Being the gentle giant he is, Bertolt finds joy in reading about different lifestyles in diverse cultures. He constantly wonders about the origin of social constructs and the way they shape thinking as much as identity.
This boy is a wonder, he might not be the best in oral presentations or
extracurricular activities but sure as hell he’ll graduate with honors.
Annie Leonhart
Oral history, about institutions. Particularly, police and justice system in early XXs.
Albeit she got into the same University than Bertolt and Reiner, even shared classes and hopes, Annie regularly felt disconnected from her studies. With time she realized it wasn't due her career itself but rather because of the currents that her professors had suggested her taking. Until now.

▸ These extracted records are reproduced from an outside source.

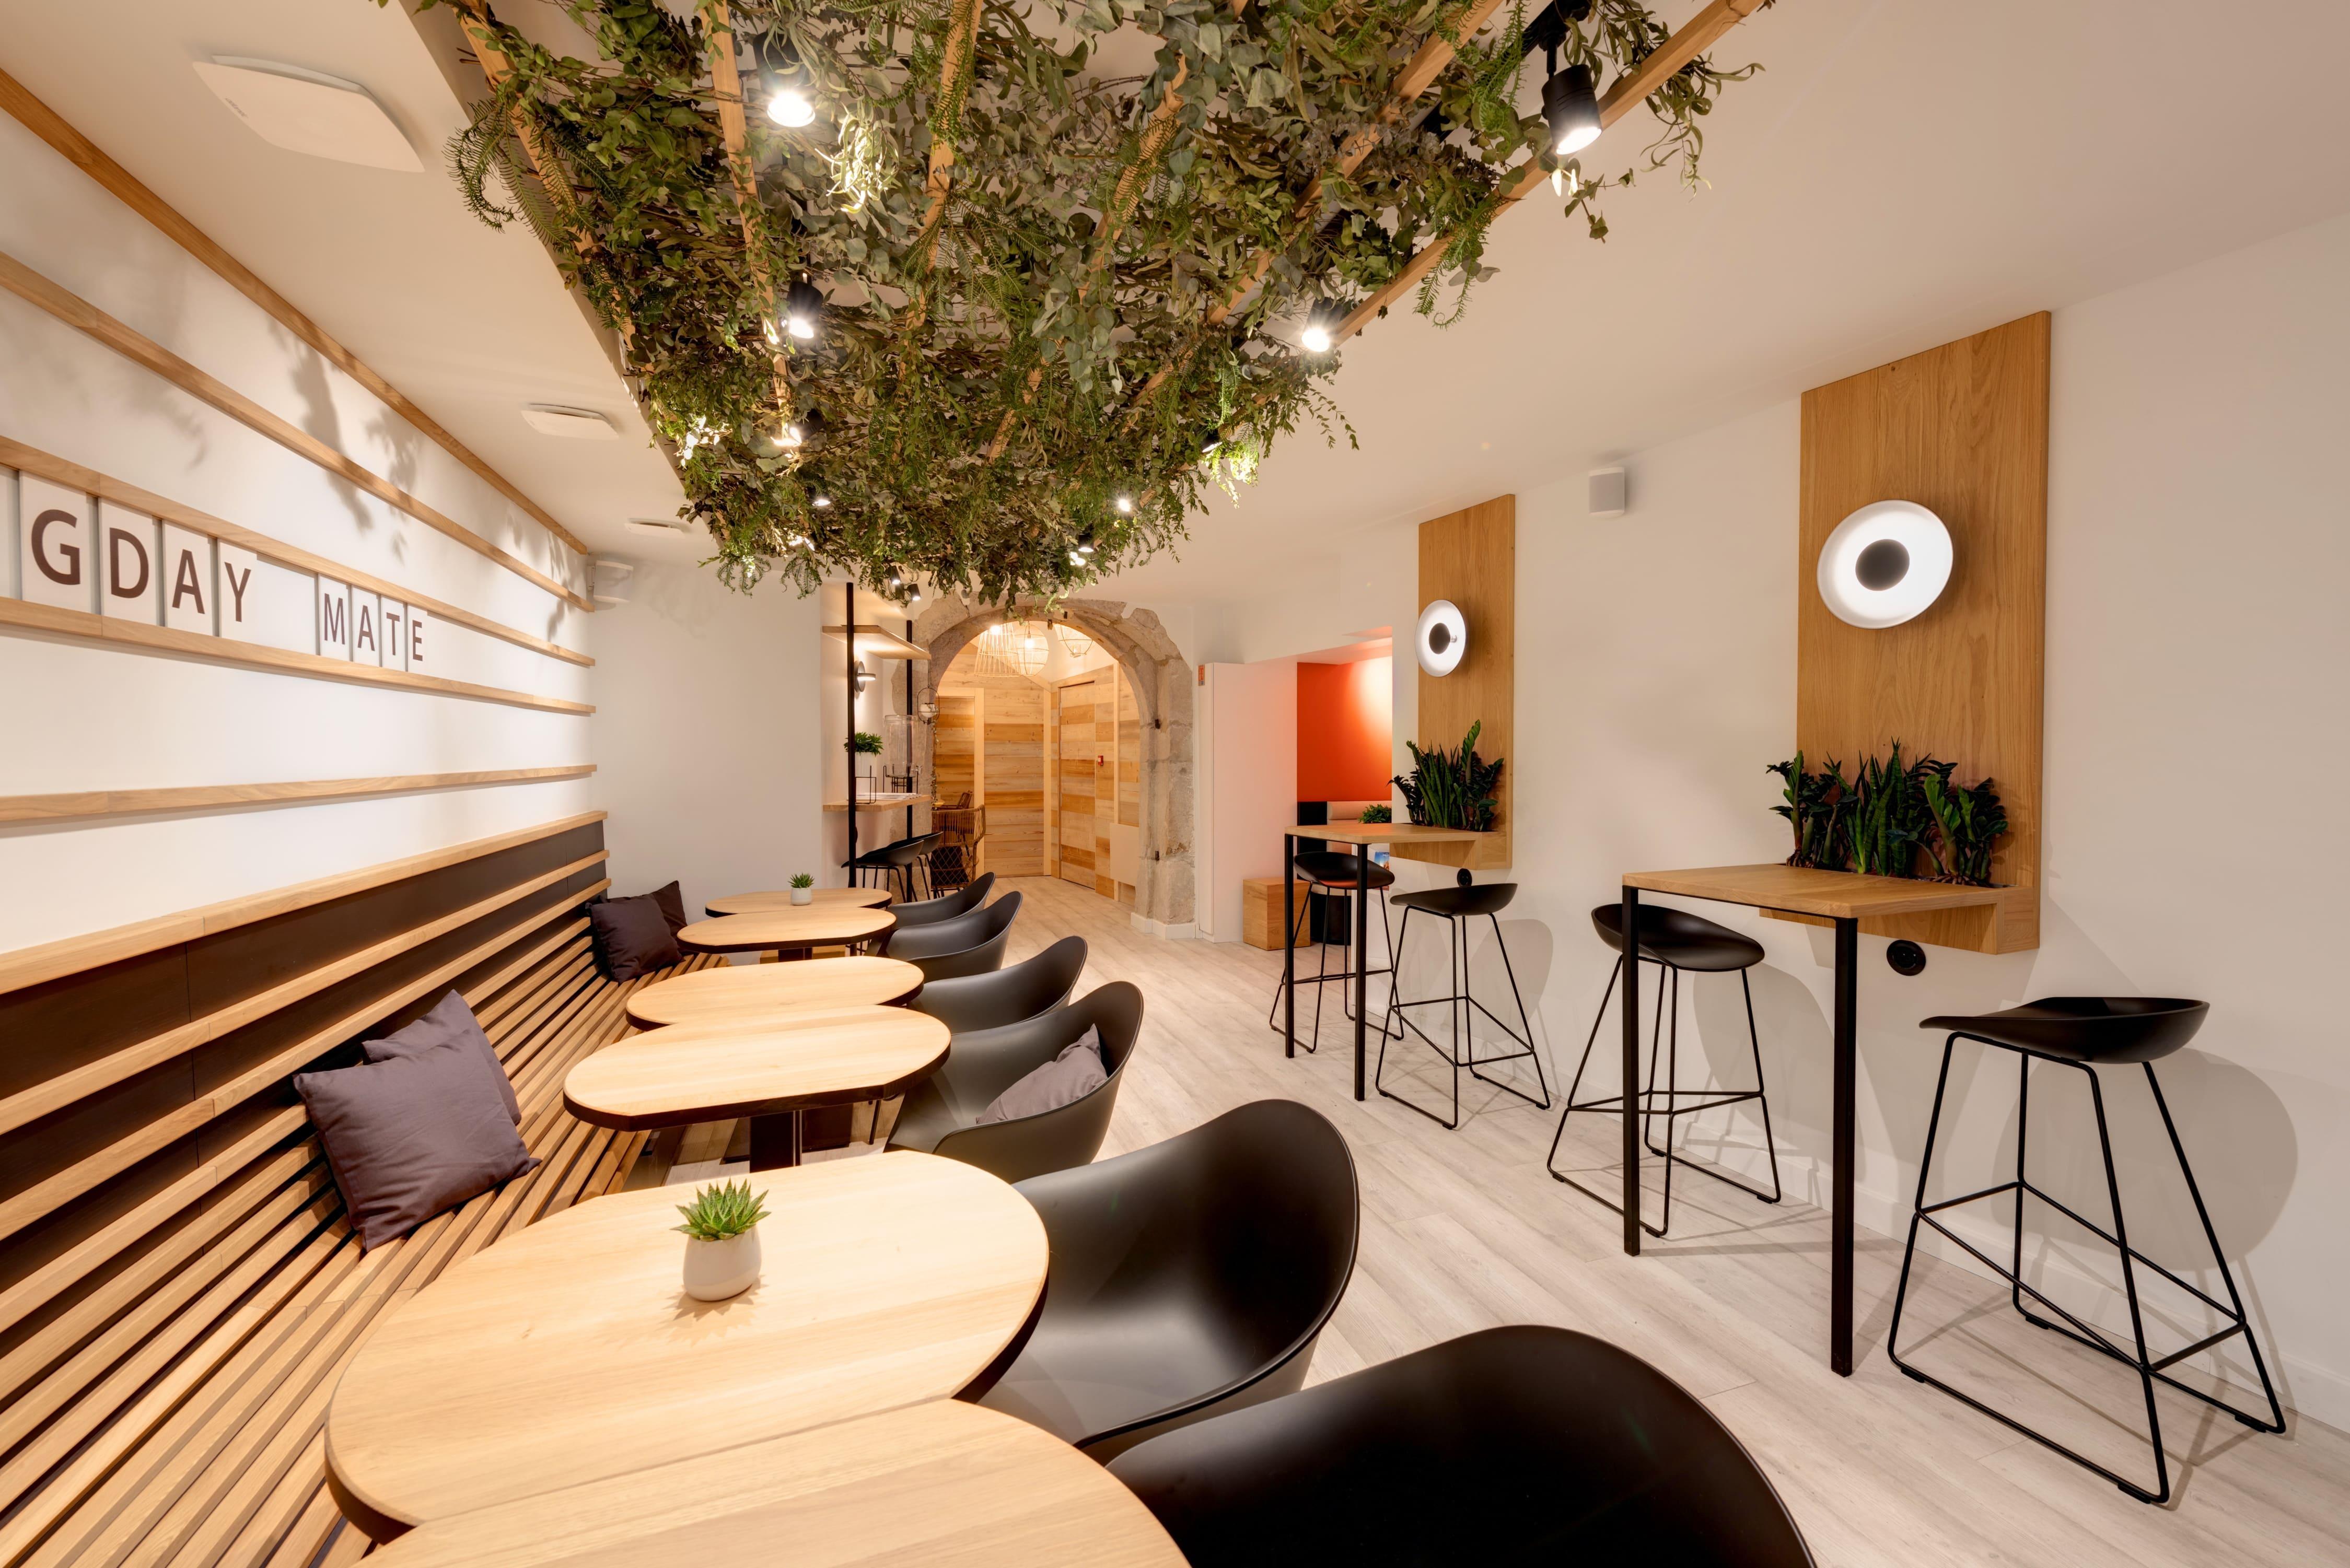 Agencement interieur design métallique ROBI restaurant Haven Annecy 74 agencement en metal 2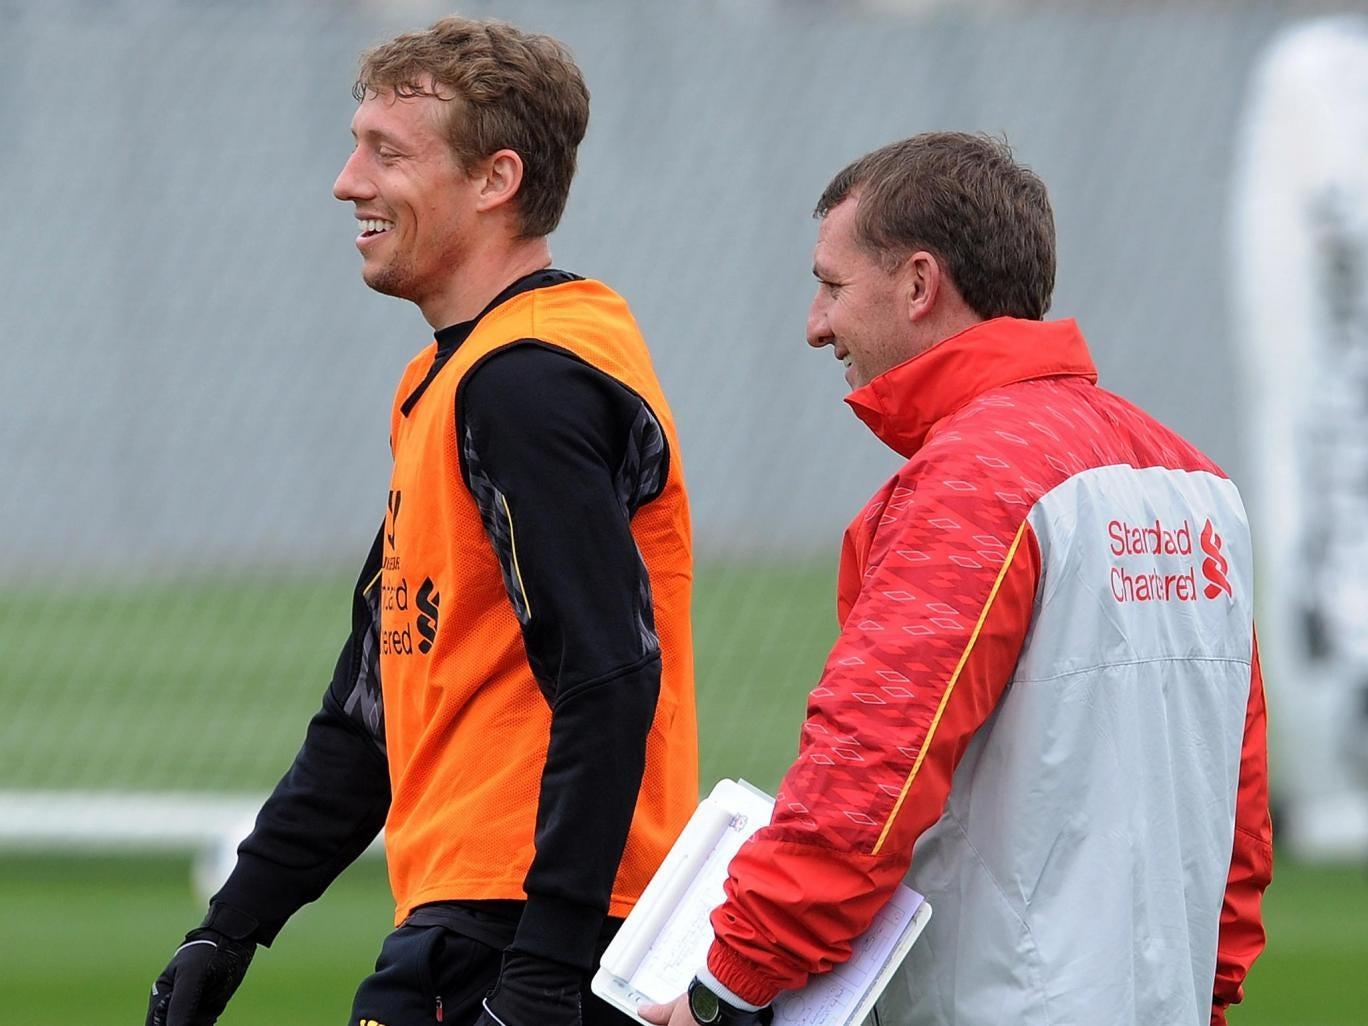 Brendan Rodgers has praised midfielder Lucas Leiva ahead of his return to fitness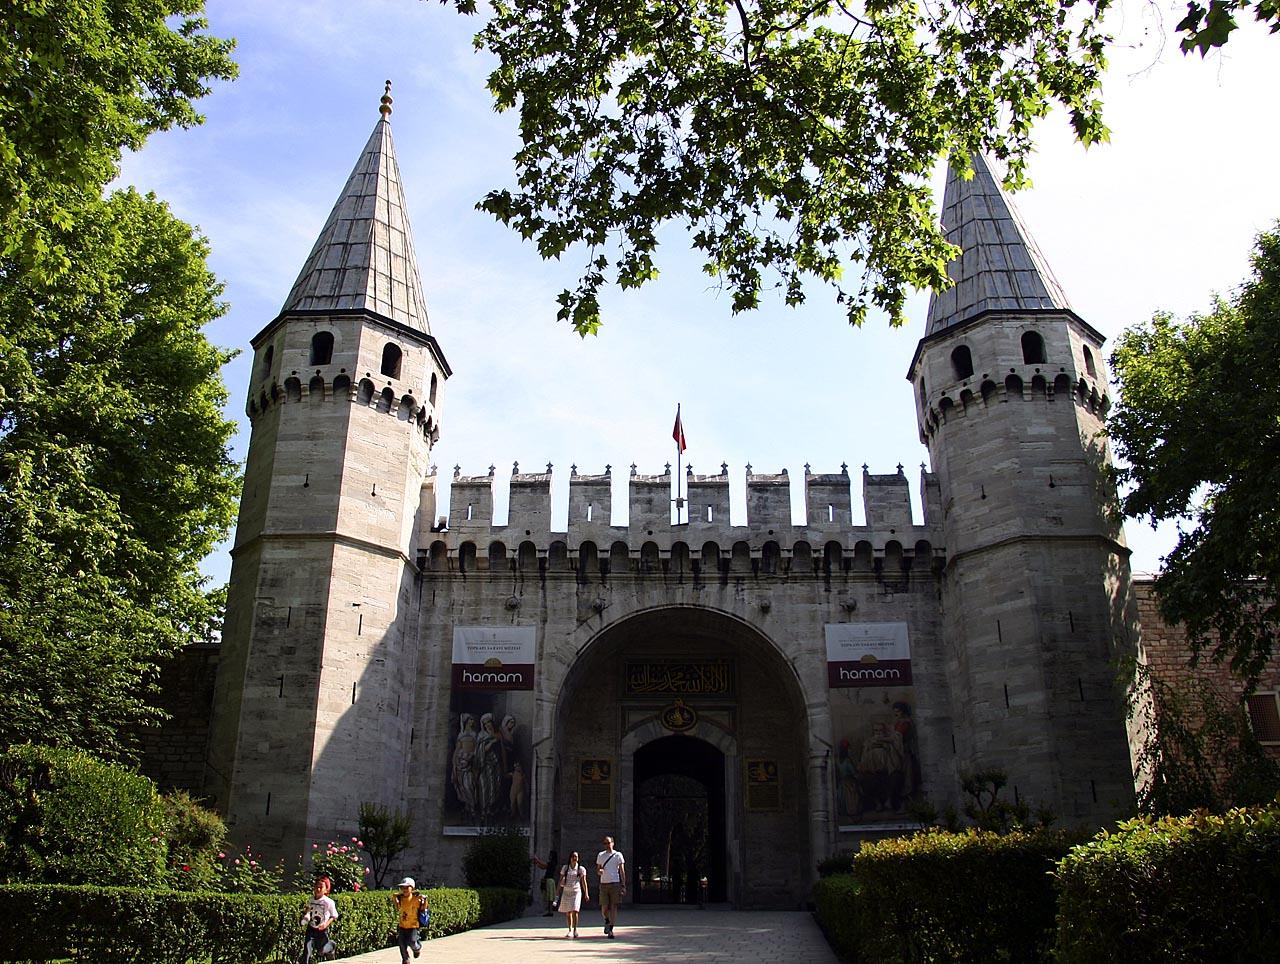 http://www.tunliweb.no/Bilder_SM/_album_istanbul/6819_tokapi_paalce.jpg

Talking with Hitch and Marlow about their doubts concerning subjects and departments it came up the topics of history and present time but also oral history. She’d never heard something like that before. So, that very same week, Annie started searching for information about that.
She ended up with more questions: is it all of this just academic journalism? Or maybe sociology? When we can talk about regular history and when it starts being present time? If she introduces interviews due oral history, then that makes it an interdisciplinary work? Which are the best systems for analyzing data? Definitely, she’ll need help from anthropology and sociology departments if she wants to keep going.
Contrary to her initial prognostic, philosophy and history of historic writing became her new allies, and the text “Le temps présent et l'historiographie contemporaine” (Present Time and Contemporary Historiography) by Bédarida among others, provided Annie another perspective.
Regarding her favorite topics, she wouldn’t say that she selected them freely. They were just practical preferences. For institutions own extensive archives and numerous functionaries. One way or another, she ended up tangled in judicial system and police issues.
With new tools and object for studying, one could find Annie having a blast as detective too. Even if her academic essays focus on institutions’ history and configuration, she’s also working in corruption and more. She doesn’t do it because she believes it’s the right thing, but besides, the thrill of the tea is spicy. Although she won’t admit it.